** Information shown follows **

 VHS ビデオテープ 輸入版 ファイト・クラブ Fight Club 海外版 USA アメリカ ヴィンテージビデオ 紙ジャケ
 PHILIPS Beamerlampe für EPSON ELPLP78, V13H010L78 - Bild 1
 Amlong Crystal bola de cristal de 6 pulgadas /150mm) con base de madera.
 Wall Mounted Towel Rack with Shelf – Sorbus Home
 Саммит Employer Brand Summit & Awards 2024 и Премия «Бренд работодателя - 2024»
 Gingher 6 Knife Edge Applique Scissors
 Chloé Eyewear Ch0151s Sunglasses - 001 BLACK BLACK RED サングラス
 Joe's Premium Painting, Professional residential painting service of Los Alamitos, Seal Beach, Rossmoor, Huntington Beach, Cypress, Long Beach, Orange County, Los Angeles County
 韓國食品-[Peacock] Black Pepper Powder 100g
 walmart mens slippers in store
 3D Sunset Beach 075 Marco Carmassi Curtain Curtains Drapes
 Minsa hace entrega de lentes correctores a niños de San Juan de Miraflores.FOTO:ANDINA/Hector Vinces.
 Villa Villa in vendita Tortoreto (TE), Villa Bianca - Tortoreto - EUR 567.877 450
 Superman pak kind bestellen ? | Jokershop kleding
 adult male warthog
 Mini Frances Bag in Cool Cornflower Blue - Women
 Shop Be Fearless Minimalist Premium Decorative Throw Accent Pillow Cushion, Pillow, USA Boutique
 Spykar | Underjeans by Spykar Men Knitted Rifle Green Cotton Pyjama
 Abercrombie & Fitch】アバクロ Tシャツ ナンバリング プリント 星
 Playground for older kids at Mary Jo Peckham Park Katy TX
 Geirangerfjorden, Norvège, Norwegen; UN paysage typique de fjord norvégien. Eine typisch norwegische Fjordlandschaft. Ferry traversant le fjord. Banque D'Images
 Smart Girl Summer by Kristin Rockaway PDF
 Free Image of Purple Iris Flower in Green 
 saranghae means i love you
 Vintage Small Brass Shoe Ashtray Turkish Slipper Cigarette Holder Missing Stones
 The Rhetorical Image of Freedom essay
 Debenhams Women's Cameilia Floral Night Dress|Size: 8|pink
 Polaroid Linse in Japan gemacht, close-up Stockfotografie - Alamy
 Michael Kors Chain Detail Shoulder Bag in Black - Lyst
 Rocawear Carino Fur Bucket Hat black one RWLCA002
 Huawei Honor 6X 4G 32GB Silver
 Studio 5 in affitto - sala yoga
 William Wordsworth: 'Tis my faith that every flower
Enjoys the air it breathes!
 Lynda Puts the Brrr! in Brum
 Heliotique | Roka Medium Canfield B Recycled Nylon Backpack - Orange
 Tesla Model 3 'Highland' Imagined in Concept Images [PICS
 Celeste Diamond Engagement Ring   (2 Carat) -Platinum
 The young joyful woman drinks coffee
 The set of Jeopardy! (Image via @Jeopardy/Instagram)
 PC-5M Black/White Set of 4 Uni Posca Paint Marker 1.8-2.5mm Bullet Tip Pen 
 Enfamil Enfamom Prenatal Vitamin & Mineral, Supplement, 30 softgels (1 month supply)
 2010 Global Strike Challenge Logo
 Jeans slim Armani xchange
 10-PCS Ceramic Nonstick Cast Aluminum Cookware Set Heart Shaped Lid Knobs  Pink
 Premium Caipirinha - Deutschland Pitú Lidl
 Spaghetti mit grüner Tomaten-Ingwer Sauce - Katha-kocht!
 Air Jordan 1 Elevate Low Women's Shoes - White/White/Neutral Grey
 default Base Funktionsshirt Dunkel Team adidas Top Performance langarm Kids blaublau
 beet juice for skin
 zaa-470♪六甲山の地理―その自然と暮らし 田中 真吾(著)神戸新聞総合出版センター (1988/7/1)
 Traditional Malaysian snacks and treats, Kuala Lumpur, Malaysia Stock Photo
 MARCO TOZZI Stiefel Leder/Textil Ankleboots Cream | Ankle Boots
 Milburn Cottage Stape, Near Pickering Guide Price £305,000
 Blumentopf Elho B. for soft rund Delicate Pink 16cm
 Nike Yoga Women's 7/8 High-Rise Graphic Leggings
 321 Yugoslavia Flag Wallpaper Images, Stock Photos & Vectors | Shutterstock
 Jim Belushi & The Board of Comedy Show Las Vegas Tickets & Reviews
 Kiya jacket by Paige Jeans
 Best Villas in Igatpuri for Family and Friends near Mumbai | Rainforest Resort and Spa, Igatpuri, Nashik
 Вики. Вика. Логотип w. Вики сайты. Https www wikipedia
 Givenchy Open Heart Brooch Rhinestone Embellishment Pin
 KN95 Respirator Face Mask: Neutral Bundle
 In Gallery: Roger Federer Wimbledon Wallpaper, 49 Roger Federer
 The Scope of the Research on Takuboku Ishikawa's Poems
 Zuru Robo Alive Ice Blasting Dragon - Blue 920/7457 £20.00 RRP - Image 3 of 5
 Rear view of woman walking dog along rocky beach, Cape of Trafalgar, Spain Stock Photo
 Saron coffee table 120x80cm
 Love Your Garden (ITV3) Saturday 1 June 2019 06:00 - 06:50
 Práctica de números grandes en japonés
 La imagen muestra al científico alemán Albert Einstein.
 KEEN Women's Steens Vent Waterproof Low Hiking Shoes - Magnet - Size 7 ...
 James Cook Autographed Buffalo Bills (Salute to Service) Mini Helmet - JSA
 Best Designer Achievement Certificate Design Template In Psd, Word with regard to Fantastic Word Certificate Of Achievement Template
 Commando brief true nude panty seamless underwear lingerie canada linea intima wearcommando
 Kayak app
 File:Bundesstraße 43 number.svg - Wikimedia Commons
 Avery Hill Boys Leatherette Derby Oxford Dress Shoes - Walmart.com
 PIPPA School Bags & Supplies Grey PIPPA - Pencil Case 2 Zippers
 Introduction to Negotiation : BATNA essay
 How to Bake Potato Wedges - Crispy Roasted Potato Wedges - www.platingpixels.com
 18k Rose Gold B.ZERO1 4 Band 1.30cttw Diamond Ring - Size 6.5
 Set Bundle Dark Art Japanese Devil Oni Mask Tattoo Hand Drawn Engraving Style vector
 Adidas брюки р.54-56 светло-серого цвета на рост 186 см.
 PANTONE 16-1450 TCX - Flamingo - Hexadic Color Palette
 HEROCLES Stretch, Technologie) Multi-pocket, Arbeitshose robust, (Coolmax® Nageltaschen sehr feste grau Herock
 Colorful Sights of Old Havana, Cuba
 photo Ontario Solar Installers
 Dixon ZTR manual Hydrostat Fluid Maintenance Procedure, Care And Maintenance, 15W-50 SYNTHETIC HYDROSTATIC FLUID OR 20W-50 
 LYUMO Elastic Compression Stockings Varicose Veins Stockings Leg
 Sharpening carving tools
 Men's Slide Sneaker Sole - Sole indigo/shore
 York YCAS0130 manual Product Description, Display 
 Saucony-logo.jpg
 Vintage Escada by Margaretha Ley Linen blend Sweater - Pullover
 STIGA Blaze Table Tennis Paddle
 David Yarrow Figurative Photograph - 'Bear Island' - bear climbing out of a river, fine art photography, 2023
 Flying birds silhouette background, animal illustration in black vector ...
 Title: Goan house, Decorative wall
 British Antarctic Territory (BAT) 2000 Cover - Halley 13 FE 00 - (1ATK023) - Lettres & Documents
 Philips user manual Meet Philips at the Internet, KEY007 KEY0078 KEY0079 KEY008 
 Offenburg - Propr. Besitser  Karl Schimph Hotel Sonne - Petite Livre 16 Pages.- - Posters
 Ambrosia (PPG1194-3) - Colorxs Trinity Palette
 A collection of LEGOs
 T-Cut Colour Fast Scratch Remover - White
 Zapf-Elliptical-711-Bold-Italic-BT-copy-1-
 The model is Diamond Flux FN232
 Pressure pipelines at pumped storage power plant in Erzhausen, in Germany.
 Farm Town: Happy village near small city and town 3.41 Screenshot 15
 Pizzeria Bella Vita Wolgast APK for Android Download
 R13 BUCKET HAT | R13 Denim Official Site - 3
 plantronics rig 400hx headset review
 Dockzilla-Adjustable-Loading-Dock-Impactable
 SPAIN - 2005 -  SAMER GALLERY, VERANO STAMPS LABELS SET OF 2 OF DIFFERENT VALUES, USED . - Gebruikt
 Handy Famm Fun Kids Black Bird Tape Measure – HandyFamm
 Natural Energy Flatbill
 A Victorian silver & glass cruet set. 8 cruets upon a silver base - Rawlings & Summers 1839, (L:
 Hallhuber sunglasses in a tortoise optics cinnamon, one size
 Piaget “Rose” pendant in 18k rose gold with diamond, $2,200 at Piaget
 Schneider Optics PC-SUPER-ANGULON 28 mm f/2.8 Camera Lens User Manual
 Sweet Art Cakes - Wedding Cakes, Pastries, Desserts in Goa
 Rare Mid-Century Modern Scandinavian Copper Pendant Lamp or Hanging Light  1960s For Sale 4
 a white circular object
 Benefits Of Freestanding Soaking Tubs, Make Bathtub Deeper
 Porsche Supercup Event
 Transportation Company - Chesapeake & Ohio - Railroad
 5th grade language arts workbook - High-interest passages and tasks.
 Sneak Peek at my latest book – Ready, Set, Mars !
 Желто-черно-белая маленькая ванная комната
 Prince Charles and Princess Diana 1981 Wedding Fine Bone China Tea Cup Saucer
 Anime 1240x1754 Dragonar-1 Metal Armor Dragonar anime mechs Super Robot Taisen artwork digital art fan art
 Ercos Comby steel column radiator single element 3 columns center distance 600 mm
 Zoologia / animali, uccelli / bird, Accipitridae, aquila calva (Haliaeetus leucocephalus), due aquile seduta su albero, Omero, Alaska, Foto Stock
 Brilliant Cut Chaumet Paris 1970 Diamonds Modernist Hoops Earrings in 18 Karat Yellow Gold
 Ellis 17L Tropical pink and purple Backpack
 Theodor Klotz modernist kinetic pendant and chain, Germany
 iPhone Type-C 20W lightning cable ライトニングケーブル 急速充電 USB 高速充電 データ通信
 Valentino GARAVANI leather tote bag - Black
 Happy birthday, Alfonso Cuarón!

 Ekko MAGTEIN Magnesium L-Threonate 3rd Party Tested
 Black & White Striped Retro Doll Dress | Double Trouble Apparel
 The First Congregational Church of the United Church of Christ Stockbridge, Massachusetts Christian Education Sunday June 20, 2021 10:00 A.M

** End of Information shown **

Copy nothing except the lines from the one with "iPhone Type-C 20W" through the end of the records; keep each exactly as it appears, first and last included.

 iPhone Type-C 20W lightning cable ライトニングケーブル 急速充電 USB 高速充電 データ通信
 Valentino GARAVANI leather tote bag - Black
 Happy birthday, Alfonso Cuarón!

 Ekko MAGTEIN Magnesium L-Threonate 3rd Party Tested
 Black & White Striped Retro Doll Dress | Double Trouble Apparel
 The First Congregational Church of the United Church of Christ Stockbridge, Massachusetts Christian Education Sunday June 20, 2021 10:00 A.M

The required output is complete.